CA, if u found it in SC, you probably found a knobbed whelk or a channeled whelk. Lots of whelks from South Carolina are right handed. Omigosh, I’m so sorry you guys, I think I have confused the issue of rare finds. Ack! It’s only the lightning whelk that is rarely found with the opening on the right side. All other whelks open to the right as I’ve shown in the photos above.
Just to add to the complexity, I undertstand there are actually “right handed left handed” whelks, a freak just as a sinistral specimen of a normally right handed
whelk is a freak. I have a “right handed left handed” whelk, and that it is so was confirmed by an eminent shell scientist and expert.
Omg. Ha! I guess there could be! We’d love to see a photo of that one too. Which typed of whelk is your “left handed right handed” whelk? Yep! It’s complex and oh so fun.
While shelling at a rather remote beach south of Matamoros, Mexico, I found a shell that had “pear whelk” written inside of it. I don’t think Mother Nature wrote that in there….lol. Now you’ve got me curious, I’ll have to look at my whelk collection to see if I have any right-handed ones.
I nominate Marie (Kansas) for “SANIBEL SEASHELL SLEUTH OF THE YEAR”…. because of her detective work, and discovery of that rare right-handed lightning whelk. This gave me a good excuse to search my own shellection. As Pam says, “Nuttin’ honey”, yet just learning more about shells made it even more exciting.
Good sleuthing Marie !!
Fine posting Pam !!
Happy shelling everyone out on the beach :)
Charlotte in Tuscon, errrr….I may been a little confusing in this post. I just want to be sure you and everyone else knows that I didnt show any of these lightning whelks as a rare right handed lightning whelk. Marie’s was a knobbed whelk and Gregg’s was a knobbed whelk as well. Neither were lightning whelks. So sorry if I didnt make it clear! ack!
Whoops!! You were perfectly clear….
Thanks for the clarification.
Wish I could claim that title…love it…but. At least we have had a great ” edshellication ” on whelks. Still will keep looking more closely. Thanks Pam
I’ve been away from the computer lately due to caring for my Mom (she’s had some major surgery), but how interesting to get caught up. Thank you for the great information Pam. I always learn so much here.
My thoughts are with you and Clark too on your loss of Smittie.

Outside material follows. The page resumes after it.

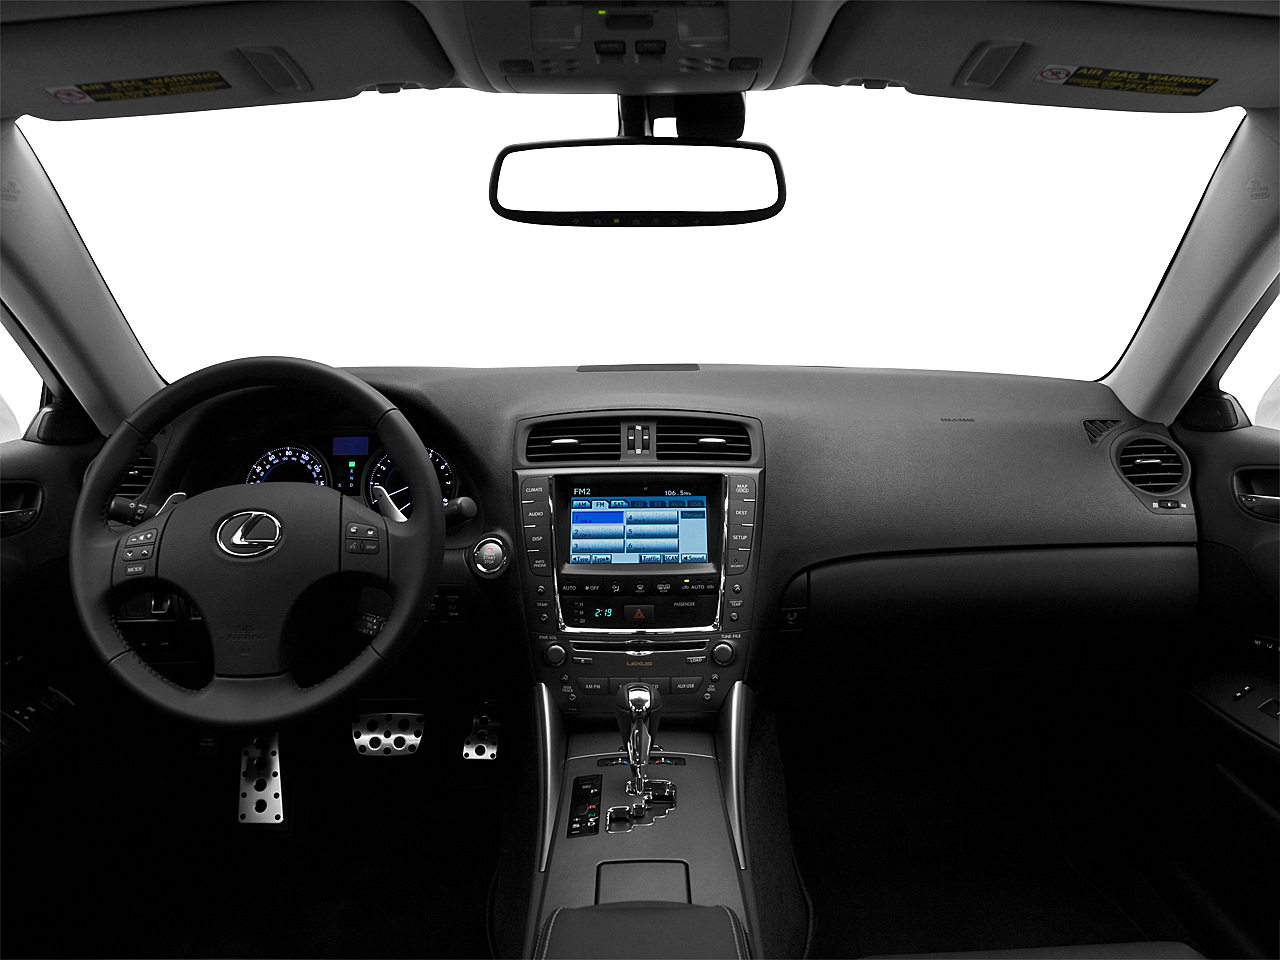 2010 Lexus IS 250 4dr Sedan 6A - Research - GrooveCar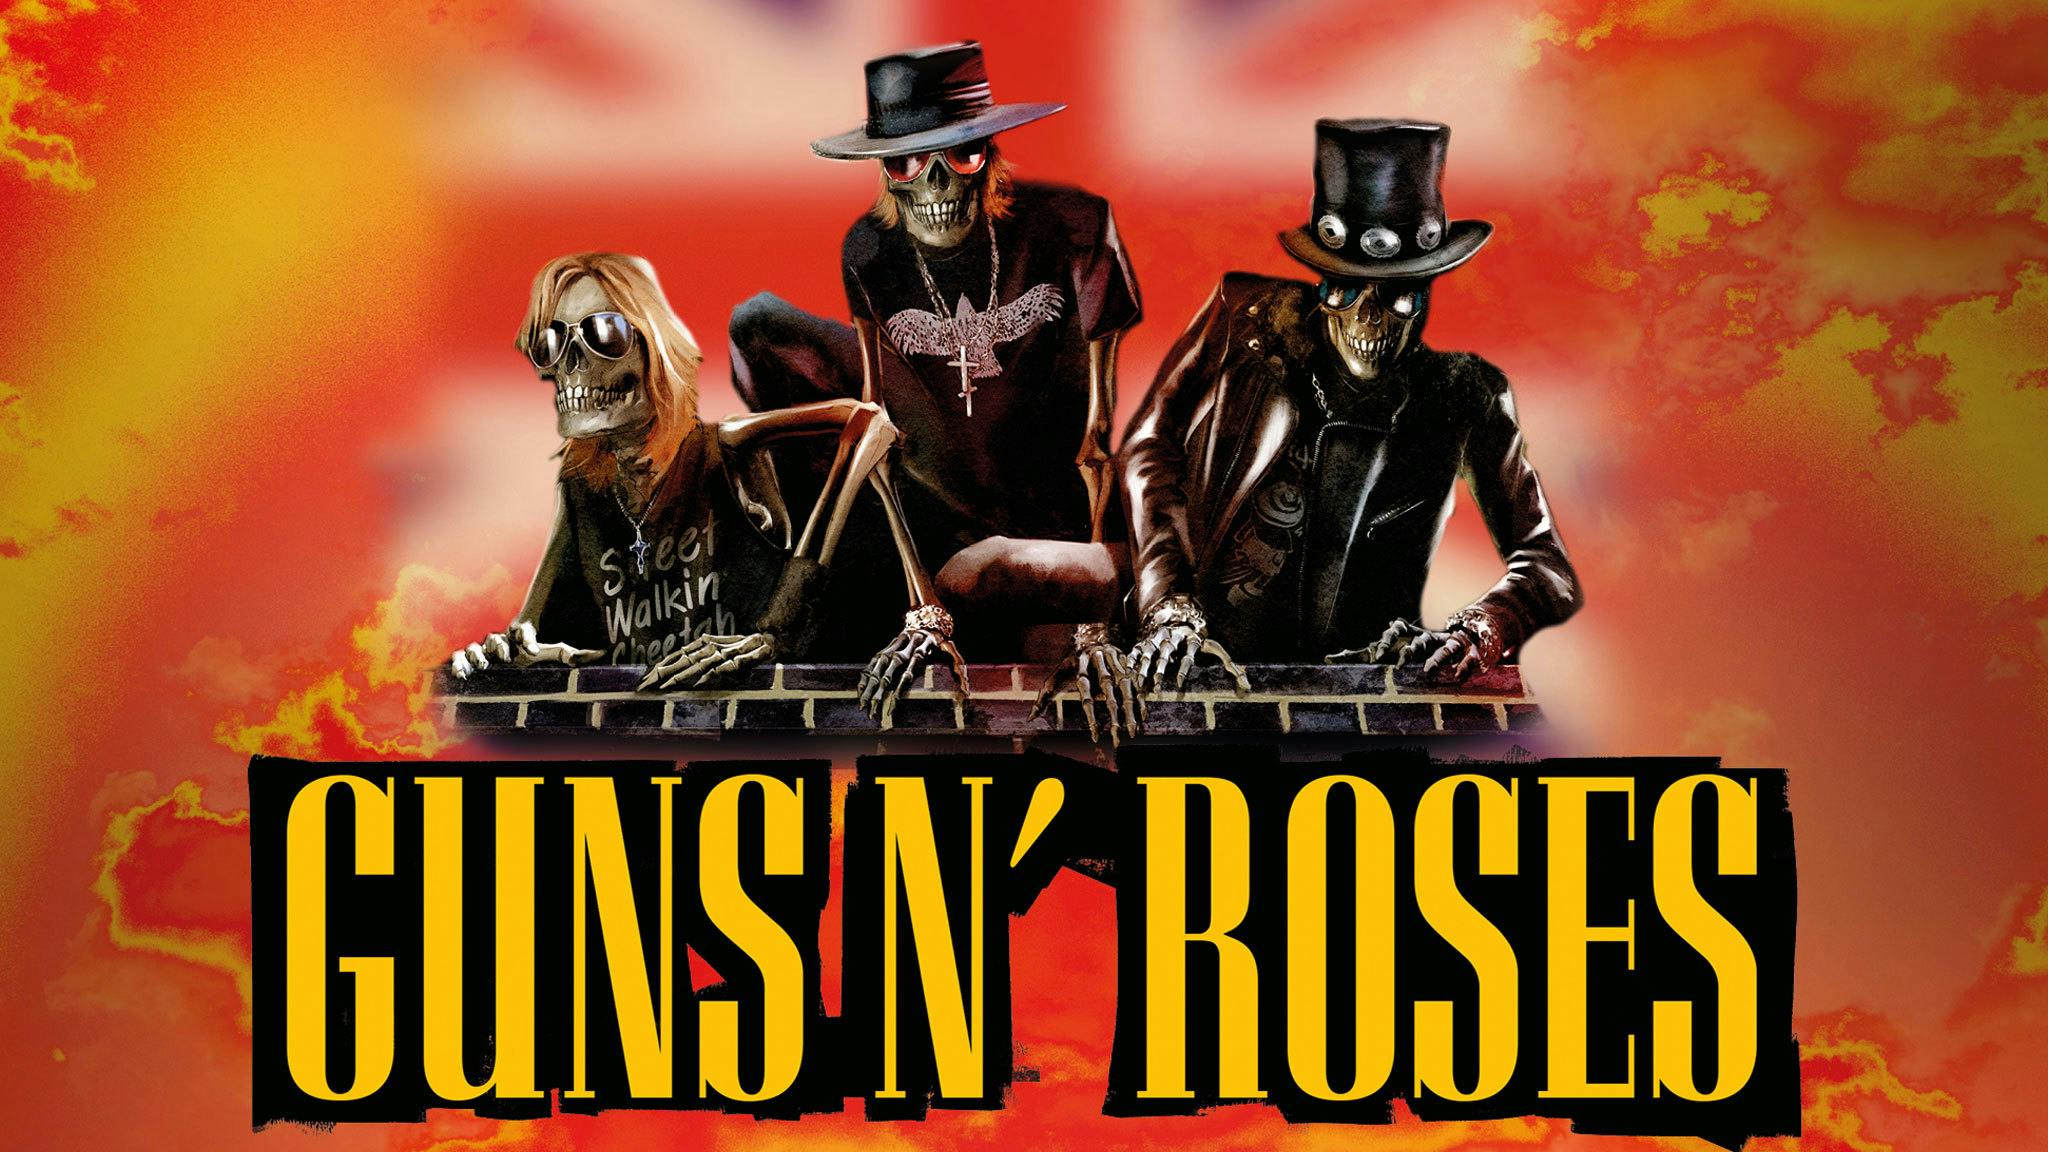 Guns N’ Roses to headline London’s BST Hyde Park in June 2023

My kitty was 25 when she passed and the loss was devastating. Time does help to heal so try to keep busy and spend time on the beach – so therapeutic. xo
Pam,
Thank-you for the great information in this post. I looked through my collection of lighting whelks and found a small right-handed one. I didn’t even know that I had something special, so thank-you for letting me know!
Debi McBroom
I think i have a right handed lightning whelk. How do i know for sure?
Just came across this article. I am pretty sure I have found the elusive right handed knobby welk… would love to send you a picture.
Hi, I just found a shell off of the Caribbean Sea on Cancun and I was wondering if you may know what kind of whelk it is? I would love to send a picture… it is beautiful, orange and white and looks a lot like the lightning whelk but is right handed. Thanks!
Could I email you a picture of a LIVE whelk I found? I think it is a knobbed whelk. I put it back, but was so excited. I would love to know what I actually found! Thanks!